Как всегда перед отъездом, я чувствовал одновременно и радостное и грустное волнение. Я теперь лучше видел прожитые годы.
За дверью комнаты, где была устроена часовня, слышалось неясное бормотание. Я колебался: входить или не входить? Я никогда не мог привыкнуть к католическому богослужению, да и отца Льва, которого я любил, уже не было в госпитале. Бородатый, необыкновенно деятельный, он бессменно работал санитаром в палате у тяжелобольных, но был веселый, даже в волейбол играл. Говоря с ним, каждый чувствовал, что отец Лев с первого же взгляда увидел в нем все то хорошее, чего не замечали другие люди. А теперь служил совсем еще молодой священник, который работал помощником санитара. Он не очень мне нравился. С больными ему всегда было некогда. В полосатой лазаретной куртке, с широким, как у женщины, тазом и довольно плотными ляжками, в очках, с падающими на потный лоб волосами, он вбегал в палату, держа перед собой лоток с лекарствами. Торопился, путал, раздражался. Но на пороге ожидавшей нас неизвестности, мне хотелось быть вместе с товарищами. Они в торжественном молчании стояли рядами, с лицами, измененными строгим и сосредоточенным выражением. Священника было трудно теперь узнать. Самодельное, из белой бязи, облачение придавало ему что-то трогательное, будто он был из ваты. Лицо детское, розовое, глаза как рождественские блестки. Он уже кончил служить и говорил теперь проповедь.

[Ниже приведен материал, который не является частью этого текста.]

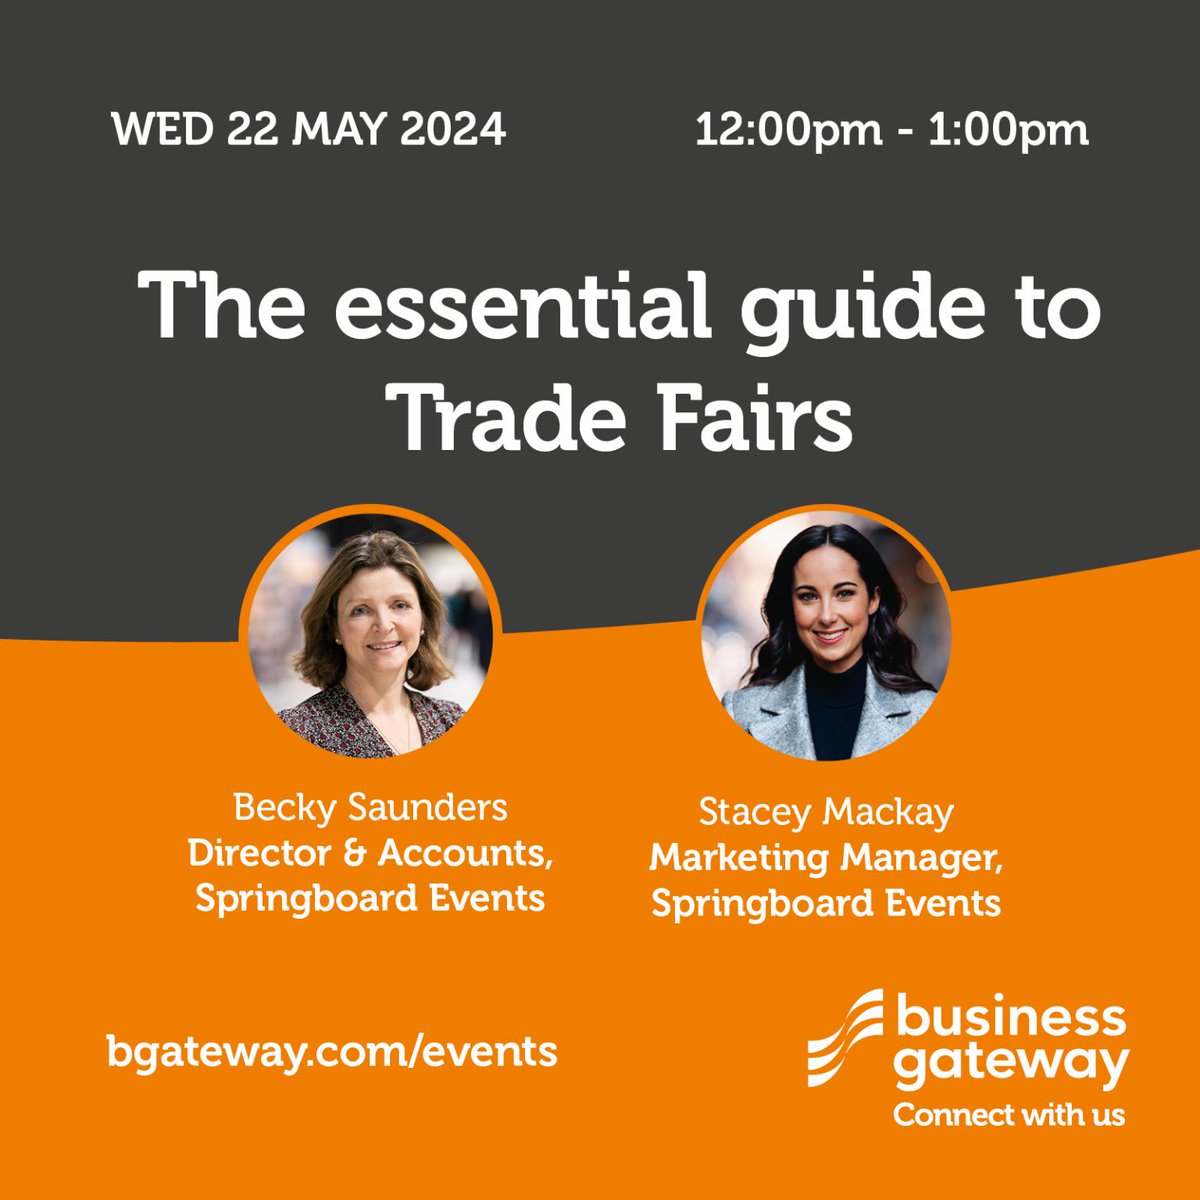 The essential guide to Trade Fairs Thinking about selling wholesale via trade shows? Understand what’s involved • How to choose your stand • setting up • Pricing and marketing yourself • Navigating contracts to follow up ow.ly/ROzF50RIfJa

— Не бойтесь, братья, все свершается по промыслу Божию! — чуть не падая от изнеможения, восторга веры и страстной мольбы воскликнул он проникновенным звенящим голосом.
Меня охватило такое тяжелое чувство досады, что я вышел в коридор. Я вспомнил отчаяние и ужас в раскрытых глазах мертвых. Так что же — миллионы убитых, ненависть, неслыханные преступления — все это по воле Бога? Но тогда как можно любить такого Бога, как можно Ему все это простить? А они еще Ему молятся.
«Вместо того, чтобы мессы каждый день служить, лучше бы больше о больных заботился», — подумал я с дурным чувством. Между тем, я понимал, не мне его упрекать и мне самому нравилось что-то поэтическое и беззащитное, что в нем чувствовалось, когда он говорил проповедь.
После обеда мой приятель Шарль сказал мне надеть на рукав повязку с красным крестом. Видя мое недоумение, он объяснил:
— Мы идем в город, нужно посмотреть, что там делается.
— Разве у тебя есть пропуск? — спросил я удивленно.
— Нет, нету. Но это уже мне предоставь.
Шарль был бельгиец. Для меня в нем воплощалось все, что я знал о Фландрии по книгам и картинам: веселый, свободолюбивый и деятельный народ, чувственный и вместе с тем набожный. С уже округлившимся животом, в шинели, которая сидела на нем, как подрясник, Шарль казался мне похожим на средневекового бродячего монаха, одинаково искреннего и в церкви на коленях, и в трактире за стаканом вина.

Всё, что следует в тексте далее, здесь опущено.